Disc Shedding - Formation and Shedding

Formation and Shedding

While in the rod, these discs lack any direct connection to the surface membrane (with the exception of a few recently formed basal discs that remain in continuity with the surface), the cone’s photosensitive membrane is continuous with the surface membrane. The OS discs are densely packed with rhodopsin for high-sensitivity light detection. These discs are completely replaced once every ten days and this continuous renewal continues throughout the lifetime of the sighted animal.

Opsin is synthesized on the rough endoplasmic reticulum and is an integral membrane protein. Its signal peptide is at the N-terminus but is not cleaved off. The protein is co-translationally glycosylated and the protein’s carbohydrates are modified in the Golgi, before transfer to the plasma membrane. The membrane invaginates and disks bud off internally, forming the tightly packed stacks of outer segment disks. From translation of opsin to formation of the disks takes just a couple of hours.

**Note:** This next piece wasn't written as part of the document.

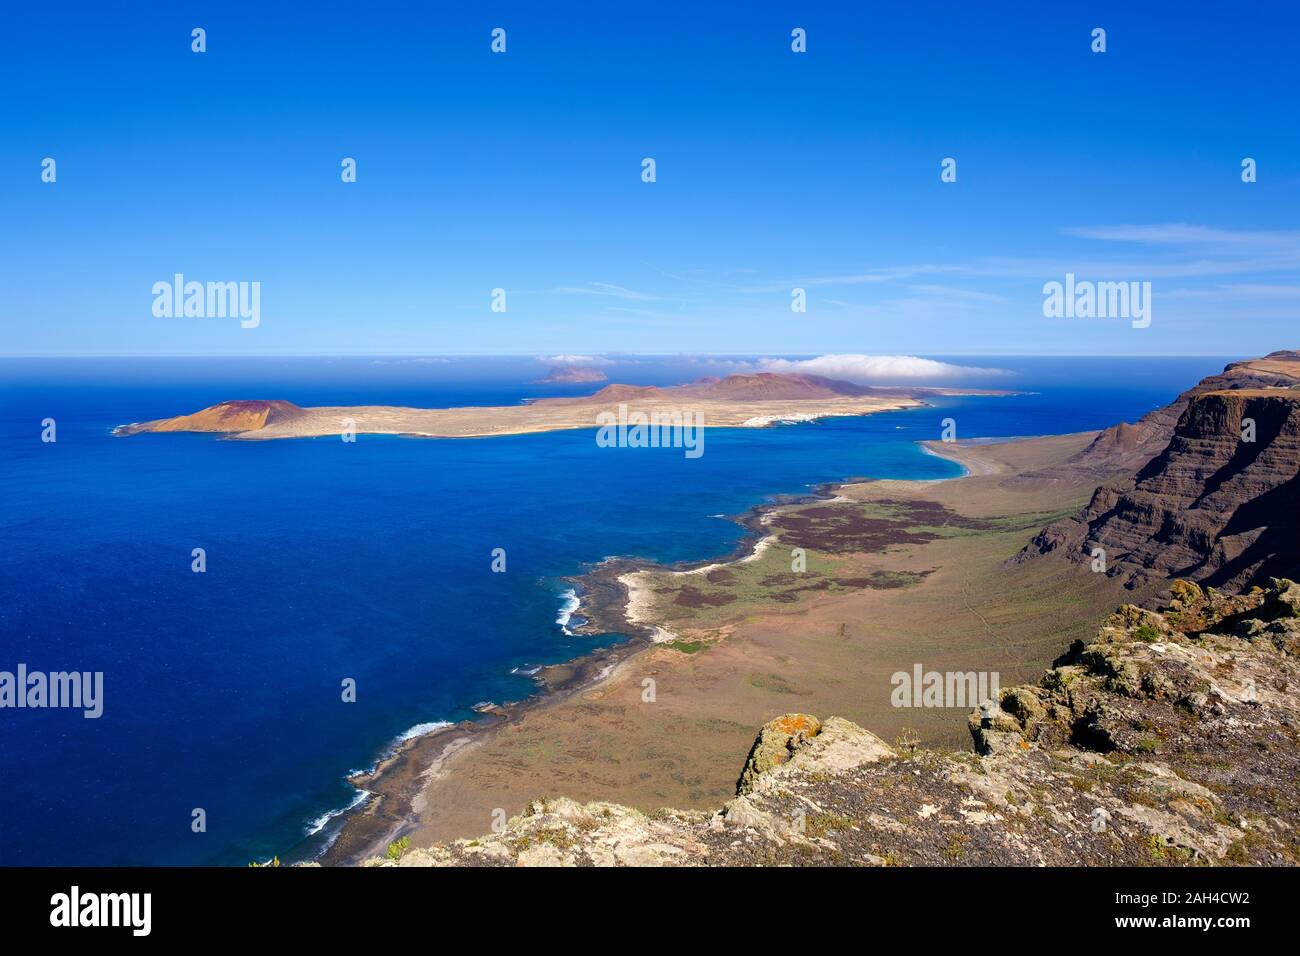 Espagne, Canaries, vue panoramique de Montana Clara islet vu de falaise côtière de La Graciosa Banque D'Images

In a famous 1967 paper – The Renewal of Photoreceptor Cell Outer Segments – Professor Richard Young described his observations that new discs are assembled at the base of the outer segment – the ciliary plasmalemma – by incorporating proteins and lipids that are synthesized and transported from the inner segment. Discs mature along with their distal migration; aged discs shed at the distal tip and are engulfed by the neighboring retinal pigment epithelial cells for degradation.

While many other enzymes and metabolically active proteins do turn over eventually, the photoreceptors shed the ends of their outer segments daily. Each day about one tenth of the length of the outer segment is lost, so that after ten days the entire outer segment has been replaced. In a pulse-chase experiment, Young and his co-workers showed the migration of newly synthesized opsin from the ciliary stalk to the end of the outer segment, which is ultimately phagocytosed by the RPE cell. Regulating factors are involved at each step. While disc assembly is mostly genetically controlled, disc shedding and the subsequent RPE phagocytosis appear to be regulated by environmental factors like light and temperature.

Circadian rhythms that use neuromodulators such as adenosine, dopamine, glutamate, serotonin, and melatonin, rhythmically control disc shedding. Endogenous dopamine and melatonin seem to be the light and dark signal, in particular. Their method of action is simply as follows: melatonin activates rod photoreceptor disc shedding. It is synthesized by the photoreceptors at night, and is inhibited by light and dopamine. Acting in an opposite manner, dopamine, which is synthesized by amacrine and interplexiform cells is stimulated by light and inhibited by dark and melatonin. It is important to understand that, because of these rhythms, rod outer segment discs are shed at the onset of light (in the morning) and cone outer segments are shed at the onset of darkness (at dusk), both circadian processes.